“Captain Rasp?”
Rasp nodded.
“I have been instructed to say nothing,” Dammann said.
“Nothing” was correct. Now it was Rasp’s turn.
“Professor Dammann, I have been instructed to ask for the item Obergruppenführer Holtz gave you when you left his office,” Rasp said.
The scientist seemed puzzled, but only for an instant. He smiled and reached into the pocket of his overcoat. He handed Rasp a silver
Reichsmark
.
“It was for good luck on my journey,” Dammann said. “I agree, though, it is fitting you should have it.”
It wasn’t for that, though Rasp didn’t bother telling him so. It was for identification. Had Dammann been captured and replaced en route, the package stolen, the impersonator would not have known what to give Rasp.
The soldiers brought the heavy crate to the deck, where two of Rasp’s crew took charge of it. With a bit of effort and more hands—two men on top, two on the bottom—the object was lifted to the top of the tower. It had to be turned on its side in order to lower it through the hatch, though Dammann assured the captain that was all right.
“The item is secure,” he said.
Physically
, Rasp thought. On his last leave, right before the Allied Invasion, when he first heard whisperings of this project—without knowing that he would ever be involved in its potential salvation—he read from a book in the library he had purchased from Herr Lang. The object itself was not fragile. The risk, the danger, was what could not be seen.
Once the crate was inside and safely stowed in the captain’s small aft cabin, Dammann nodded, lit a cigarette, uttered a small but heartfelt
“Heil Hitler”
—which Rasp returned—then offered the captain his hand.
“I will await you on the other side,” Dammann said.

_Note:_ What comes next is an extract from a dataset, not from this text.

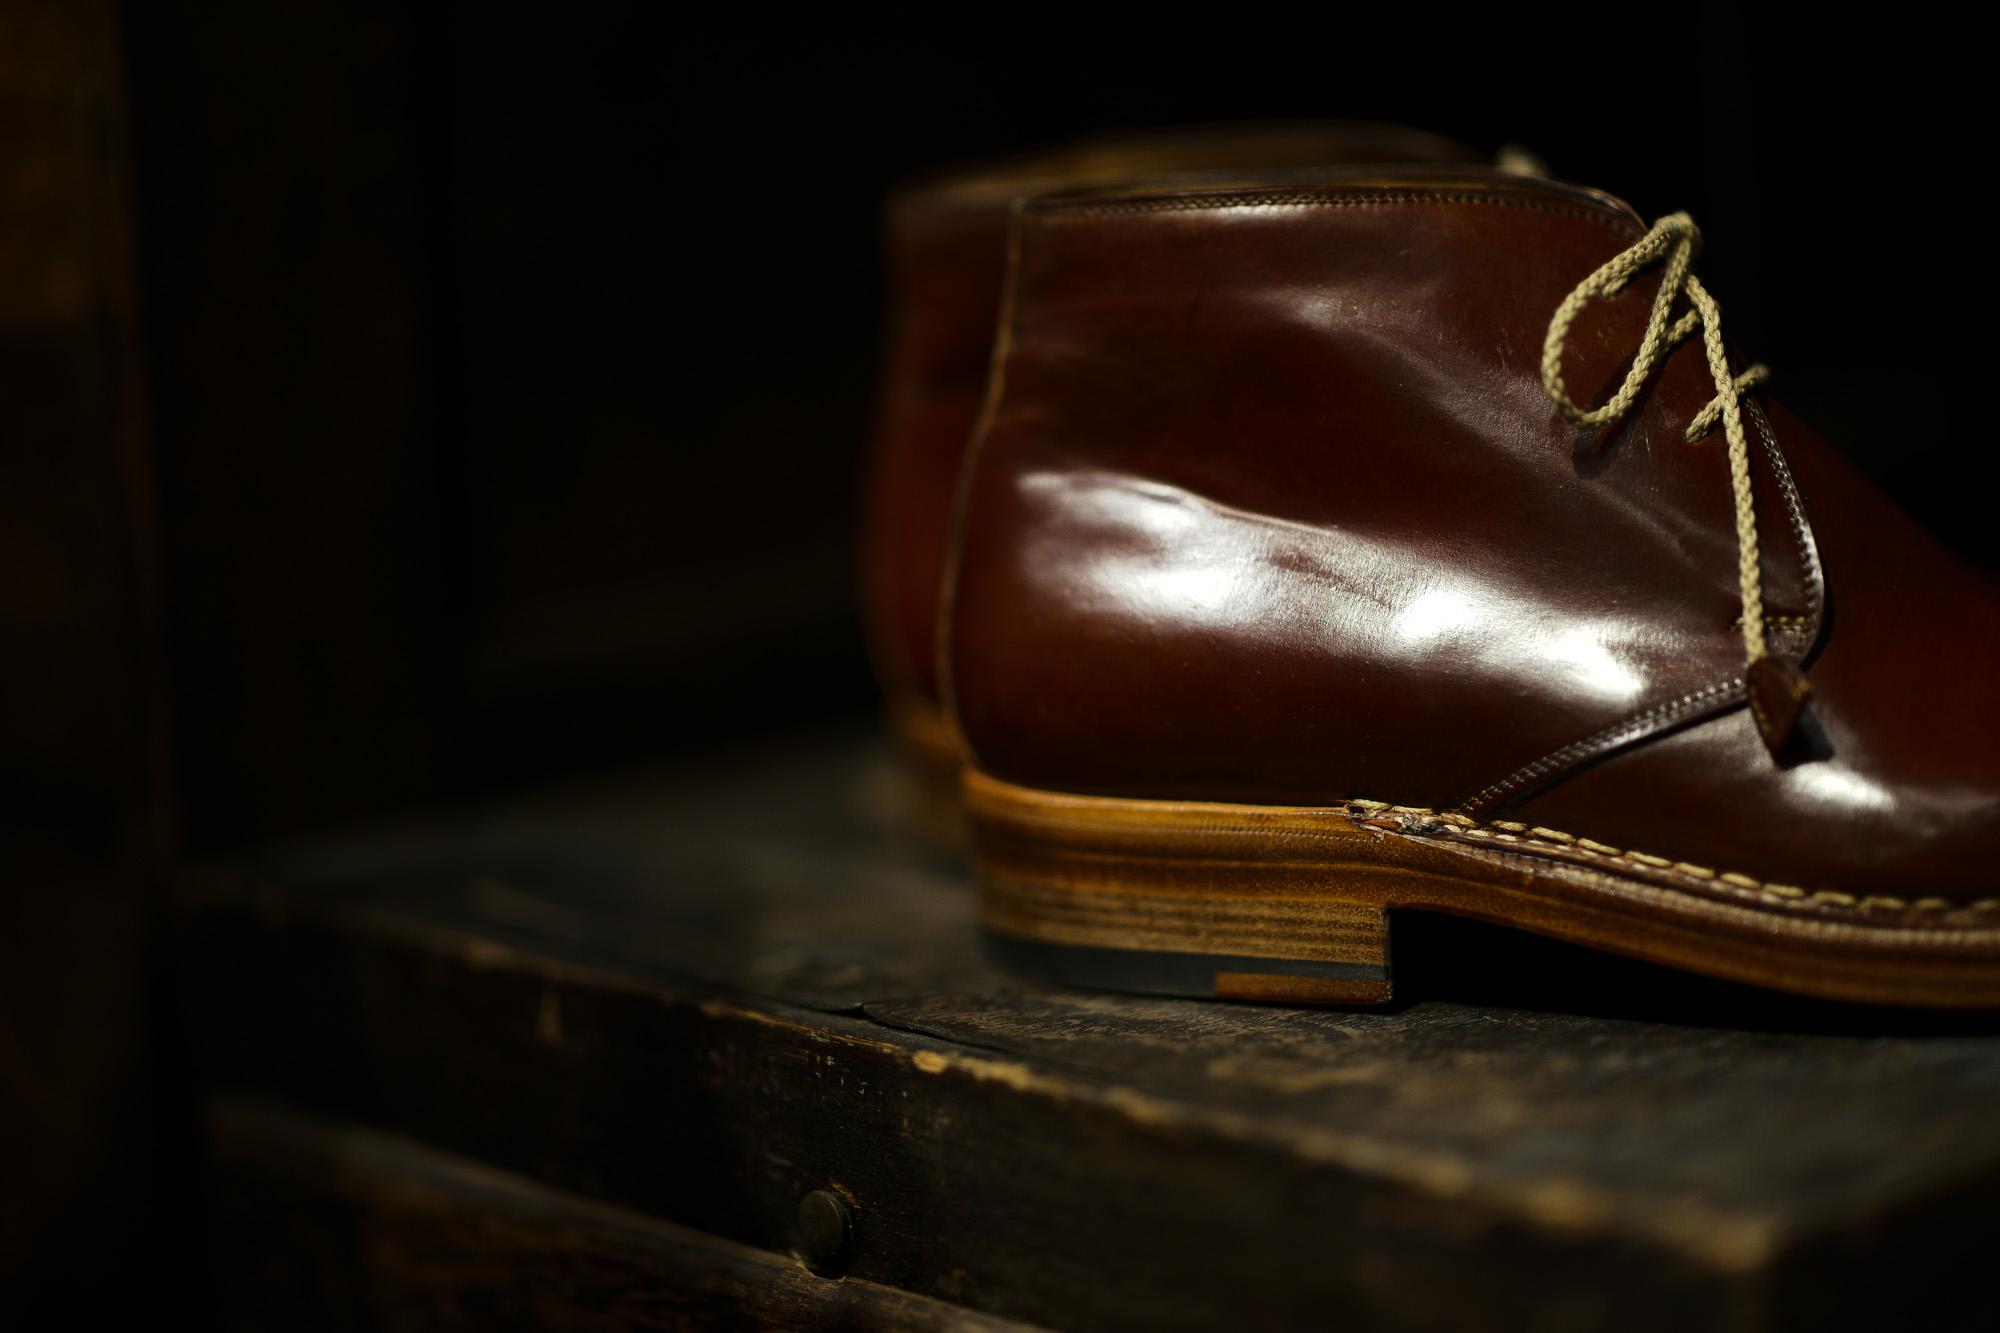 ENZO BONAFE(エンツォボナフェ) ART.3722 Chukka boots チャッカブーツ Horween Shell Cordovan Leather ホーウィン社 シェルコードバンレザー ノルベジェーゼ製法 チャッカブーツ コードバンブーツ No.4(#4)  made in italy (イタリア製) 2019 春夏新作 【Special Model】enzobonafe 愛知 名古屋 altoediritto アルトエデリット

Rasp gave him a little smile, then motioned to the Head of Security that it was all right for the convoy to leave. The trucks would head for the airfield at Lannion, a hundred kilometers to the northeast. From there, the scientist would fly to their destination at Bornholm, Denmark. If something happened to the U-boat, the OKW did not want to lose their
wunderkind
physicist along with his creation. If Dammann were lost, there were others in Denmark who could continue his work. Those concerns were the reason the OKW staged the mission outside Germany. The logical port from which to disembark was Kiel, just a short run across the Kiel Bay to Denmark. But military intelligence believed the base had been infiltrated; a similar operation, with an empty chest, was being conducted with the U-70 in case the Allies were watching.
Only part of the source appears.